Proposer: David Raznick
Abstract.
We are trying to achieve these goals.
- To get people involved with making edits to CKAN metadata.
- To have an ownership model as to who can moderate and validate these changes
- To not put too huge a burden on these owners.
In order to achieve this, a feature which lets anyone edit a package but only let the moderator/owner accept it. The moderator should be able to look at a list of changes and accept the ones that
This cep is not about 'if' we need such a feature, it is about 'how' we go about implementing it. Another cep may needed for the 'if' case.
The Problem
We need the following to be possible.
- Storing revision of objects that are not the current active one.
- A way of the user viewing past revisions.
- Accessing not only the history of a particular object but also of related objects at that time. i.e If a resource related to a package changes we need a way to see this when looking at the package.
- A robust way of doing this in the face of database schema changes.
- Make sure database queries are quick.
Solutions.
- Store the whole dictization of the package and all its related objects every time you change anything in its dictized representation and only save to the database proper if accepted.
Pros
- Easy to implement, we already have a preview which makes the dictized form of a package without actually saving it.

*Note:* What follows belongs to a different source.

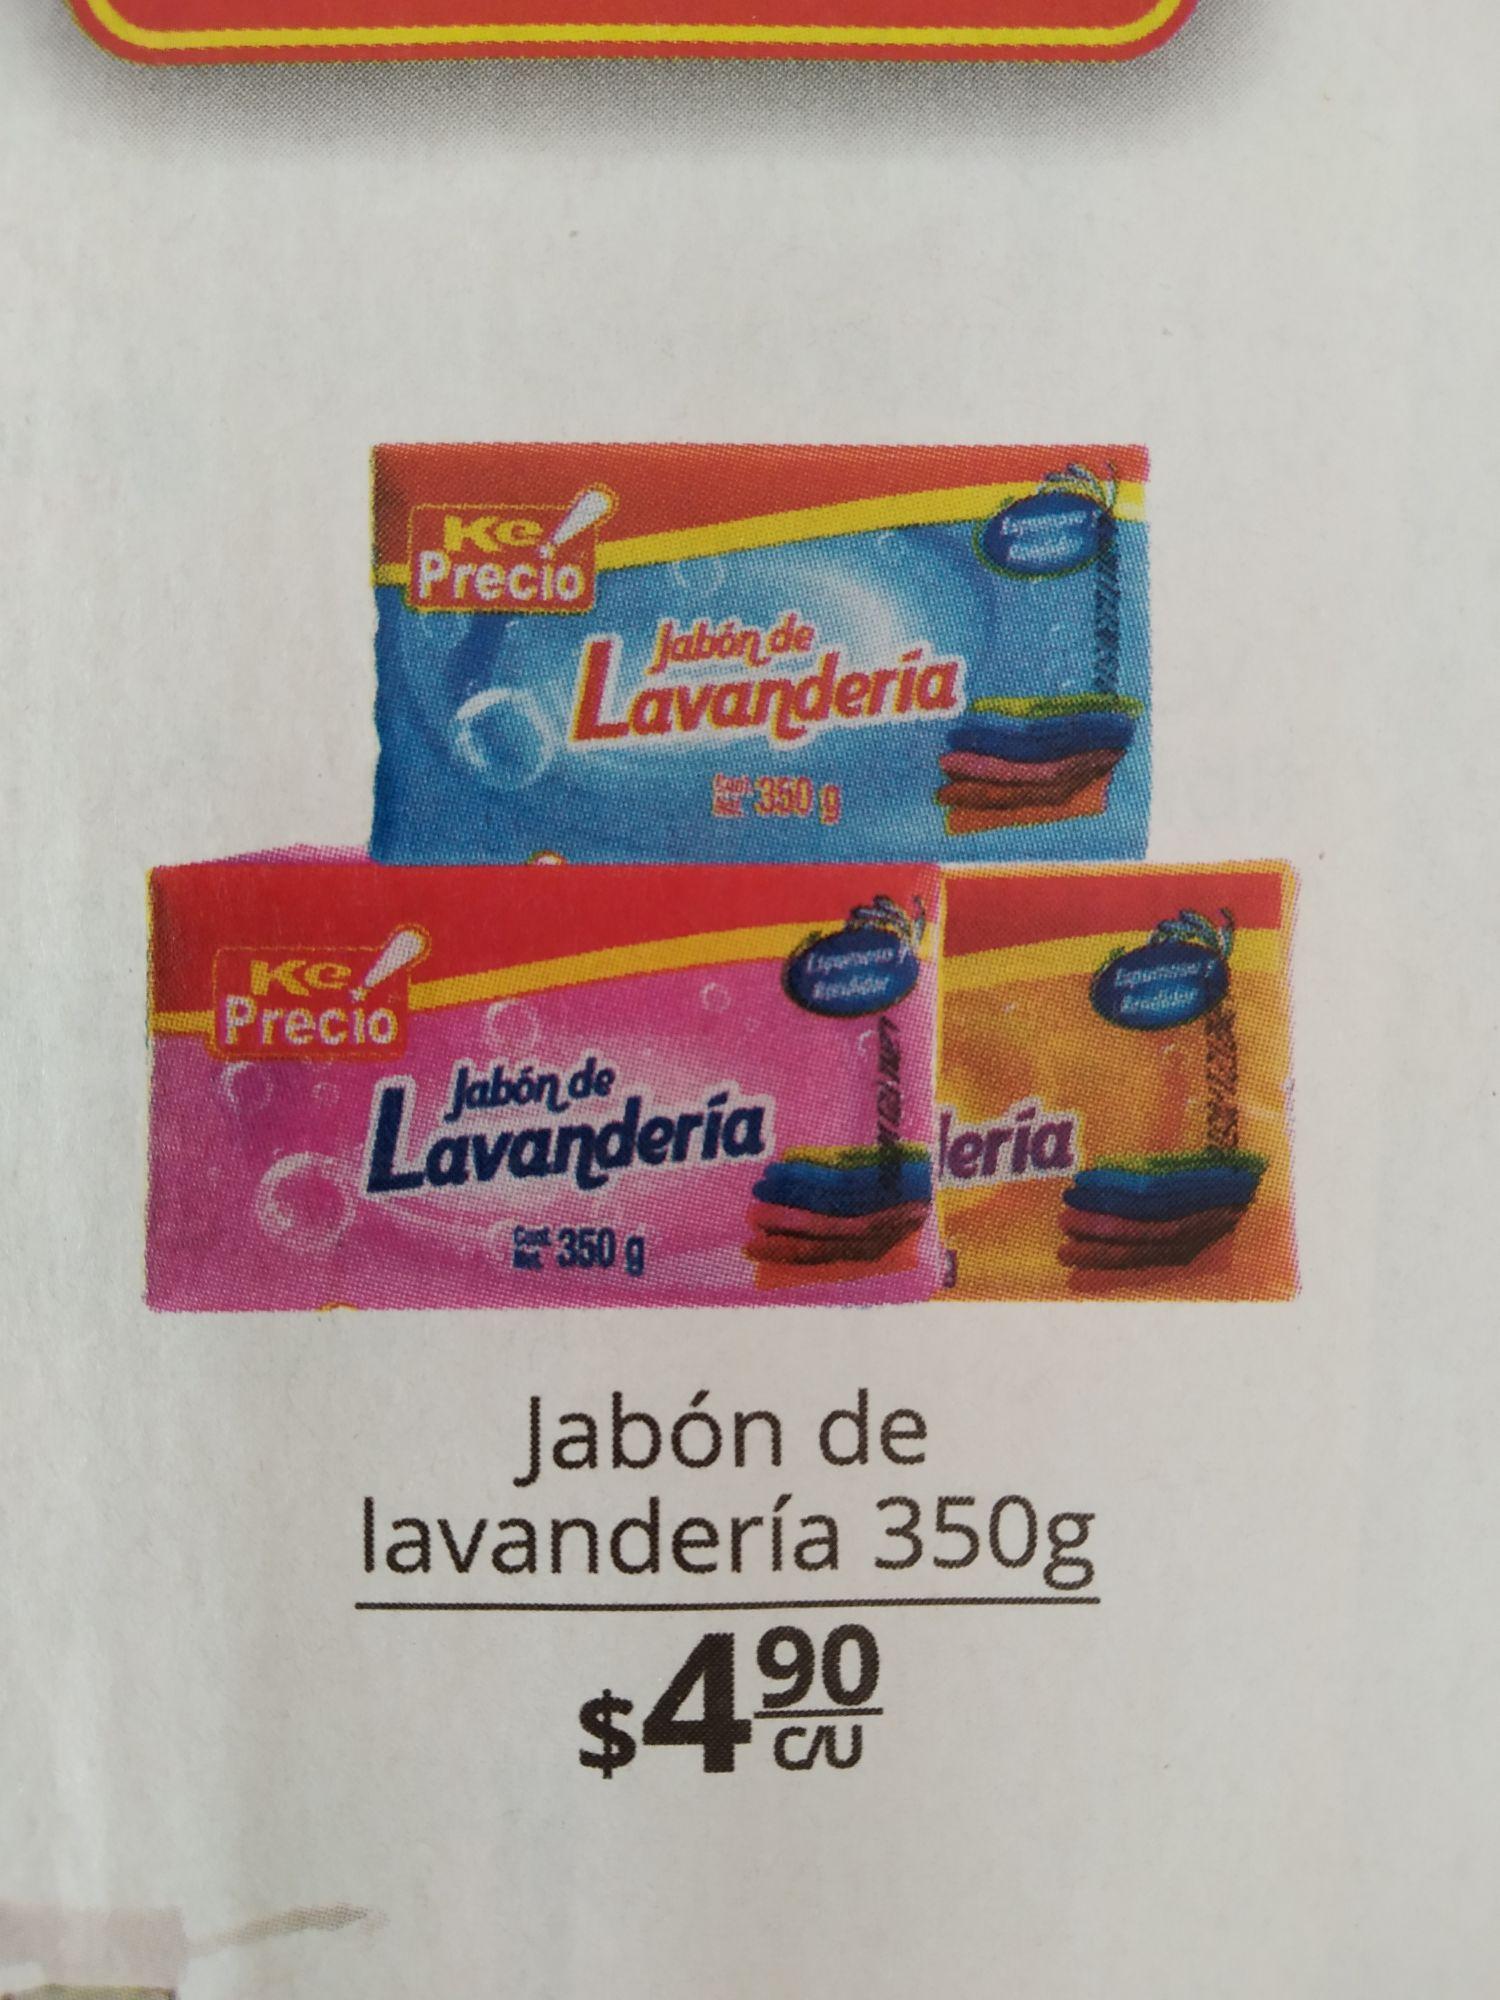 La Comer Querétaro Jabón de Lavandería Ke Precio

This will just need to be persisted in some way.
- Fast retrieval.
- Potential to store a branching revision tree of changes.
Cons
- No easy way to remake the dictized packages historically or if there is an there a change in the way we represent packages, i.e schema changes.
- Will only work for the particular objects we decide to store these changes for.
- Stores a lot of repeated information
- Write specialized queries for every read of the database looking only at the revision tables.
This method requires there to be a change in the way we use VDM, so that we manage statefulness ourselves. We will need to add other states such as 'waiting for approval'.
Pros
- No specialized storage required
- Only need to change queries when schema changes
- Can be made to work easily for other objects
Cons
- Slower query time on read, as even looking at the last active package will need to do a fairly complicated query.
Implementation details.
1.
A new table with columns id, user, package_id, timestamp, revision_id, parent_id, dictized_package.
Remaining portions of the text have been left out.